Let's expliciutly cache the indexes in our local runtime from S3 to get best performance with our searches from the first call:

In [18]:
tiny_vector_search_engine.cache_all_indexes()

Now let's run some vector searches with all the different indexes:

In [19]:
before_time = datetime.datetime.now()
D, I = tiny_vector_search_engine.search(tiny_query, VectorIndexes.FLAT)
print("Flat Index Search time: {} milliseconds".format((datetime.datetime.now() - before_time).total_seconds()*1000))
baseline = I[0].tolist()

before_time = datetime.datetime.now()
D, I = tiny_vector_search_engine.search(tiny_query, VectorIndexes.LSH)
print("LSH Index Search time: {} milliseconds".format((datetime.datetime.now() - before_time).total_seconds()*1000))
print("LSH Index Recall Rate: {} %".format(np.array(baseline)[np.in1d(baseline, I).tolist()].size / np.array(baseline).size * 100))

before_time = datetime.datetime.now()
D, I = tiny_vector_search_engine.search(tiny_query, VectorIndexes.HNSW)
print("HNSW Index Search time: {} milliseconds".format((datetime.datetime.now() - before_time).total_seconds()*1000))
print("HNSW Index Recall Rate: {} %".format(np.array(baseline)[np.in1d(baseline, I).tolist()].size / np.array(baseline).size * 100))

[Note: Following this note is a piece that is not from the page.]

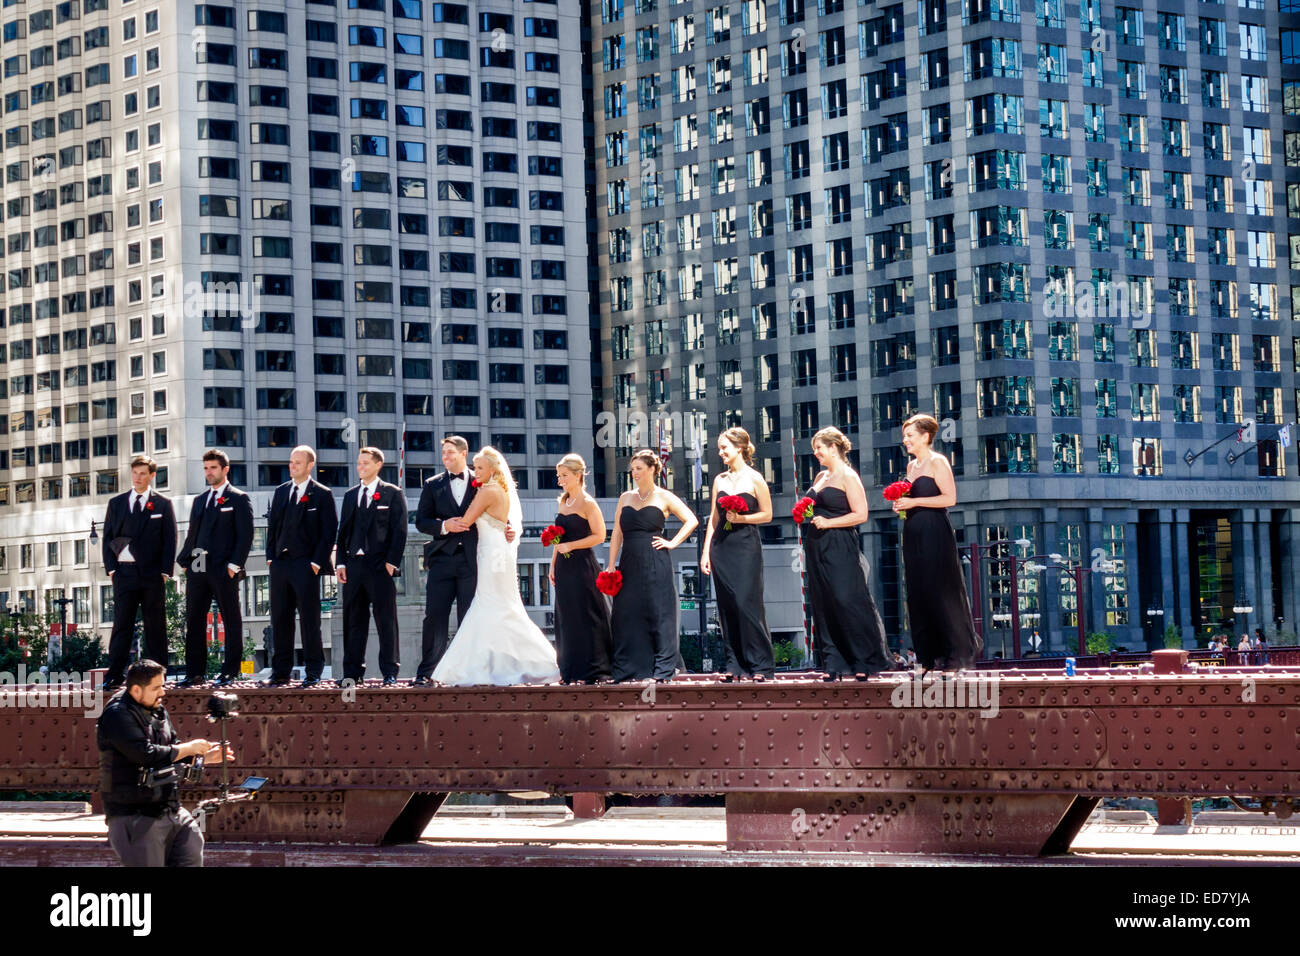 Chicago Illinois,North Wabash Avenue Bridge,mariage party,marié,mariée,groommen,bridesmaids,posant,centre-ville,gratte-ciel,bâtiments,visiteurs Voyage de travail Banque D'Images

before_time = datetime.datetime.now()
D, I = tiny_vector_search_engine.search(tiny_query, VectorIndexes.IVFFLAT)
print("IVFFLAT Index Search time: {} milliseconds".format((datetime.datetime.now() - before_time).total_seconds()*1000))
print("IVFFLAT Index Recall Rate: {} %".format(np.array(baseline)[np.in1d(baseline, I).tolist()].size / np.array(baseline).size * 100))

before_time = datetime.datetime.now()
D, I = tiny_vector_search_engine.search(tiny_query, VectorIndexes.PQ)
print("PQ Index Search time: {} milliseconds".format((datetime.datetime.now() - before_time).total_seconds()*1000))
print("PQ Index Recall Rate: {} %".format(np.array(baseline)[np.in1d(baseline, I).tolist()].size / np.array(baseline).size * 100))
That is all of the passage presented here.